Use of antidepressants in children and adolescents
Background
Several psychiatric disorders
in children have been shown to improve with the use of antidepressant
medication, especially selective serotonin reuptake inhibitors. These include major depression,
dysthymia, obsessive-compulsive disorder, generalized anxiety disorder, and
social phobia.
Types of antidepressants used
in children and adolescents include:
Fluoxetine
Sertraline
Paroxetine
Fluvoxamine
Citalopram
Bupropion
Venlafaxine
Nefazodone
Mirtazapine
Of these medications, the
only ones approved for use in children and adolescents are fluoxetine for major
depression and fluoxetine and sertraline have for obsessive-compulsive
disorder.
Antidepressants and
suicide
In June of 2003, evidence of
an increase in suicidal ideation in pediatric patients treated with paroxetine
was reported to the FDA. This was
followed by several studies and meta-analyses of existing data to determine the
safety of antidepressants in children.
In a review of 24
placebo-controlled clinical trials of antidepressants in pediatric patients,
there was an increased risk of suicidal ideation, with many studies showing a
relative risk of 2 or more.
However, of the 4600 patients in the 24 trials, there were no completed
suicides (Hammad et al, 2006).
A Cochrane review of 10
placebo controlled trials of SSRIs for depression had similar findings, namely
that there was a response to the medication at 8-12 weeks, there was an
increase risk of suicidal ideation in the same time frame (but no increased
risk of suicide completion.) This
review also found fluoxetine to be the only SSRI with consistent evidence of
improvement in depressive symptoms across three trials in both children and
adolescents (Hetrick et al, 2008).
It has been proposed that the
supposed increased rate of suicidality in patients treated with SSRIs may in
fact represent a greater likelihood of reporting suicidality to health care
professionals rather than an actual increase in suicidal ideation itself.
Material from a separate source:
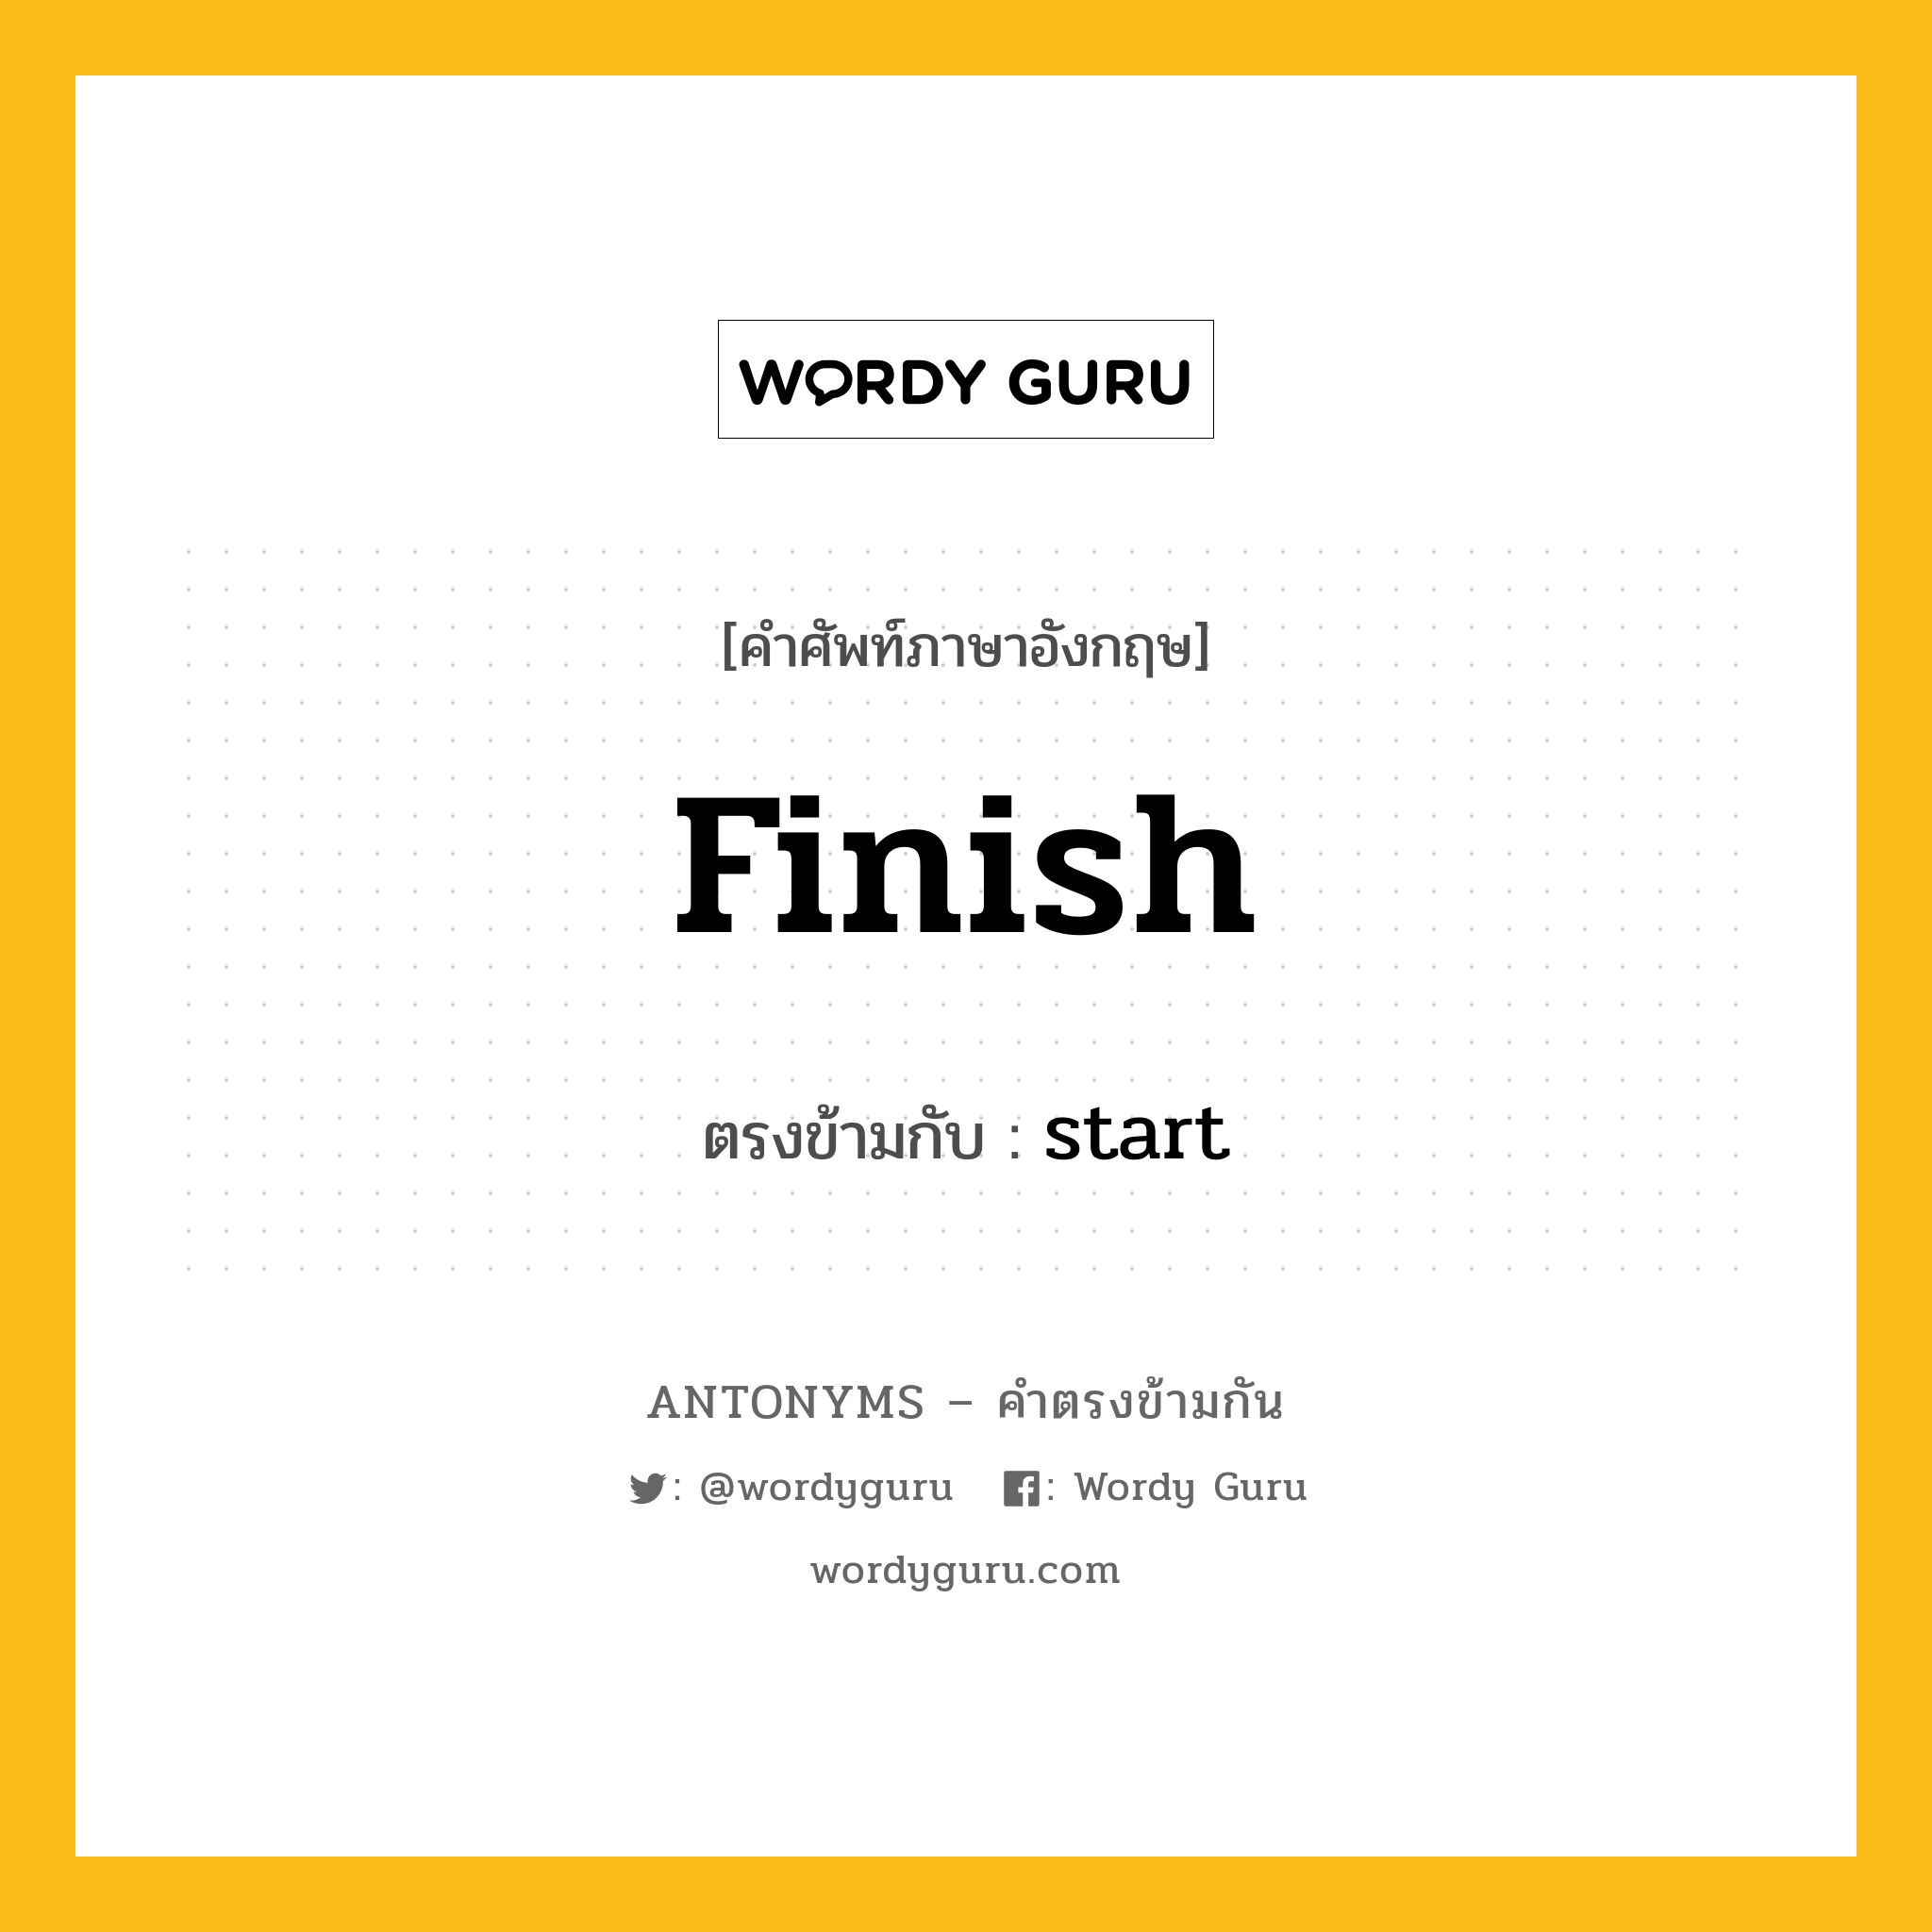 finish เป็นคำตรงข้ามกับคำไหนบ้าง?, คำศัพท์ภาษาอังกฤษ finish ตรงข้ามกับ start หมวด start

Verbalization and communication are
known to improve with antidepressant treatment, which may lead to more openess
concerning suicidality, which is often kept secret among pediatric patients.
Risk of untreated
depression
There is evidence that higher
SSRI prescription rates are associated with lower suicide rates in children and
adolescents. (Gibbons et al, 2006).
The absolute rate of adolescent suicide in the United States deceased
between 1990 and 2000, during a time of increased prescriptions for SSRIs (Olfson
et al, 2003).
In 2003, a black-box warning
of increased risk of suicidal ideation in pediatric patients treated with
SSRIs. One study found that
between 2003 and 2005, SSRI prescriptions for children and adolescents decreased
by 22% in the United States and the Netherlands. (Gibbons et al, 2007)
This same study found that during 2003-2004, youth suicides increased by
14% in the United States and 49% in the Netherlands. This represented the largest year-to-year change in suicide
rates in this age group in the United States ever recorded. This suggests that despite
existing untreated depression are
greater than the risks of pharmacotherapy in this age group.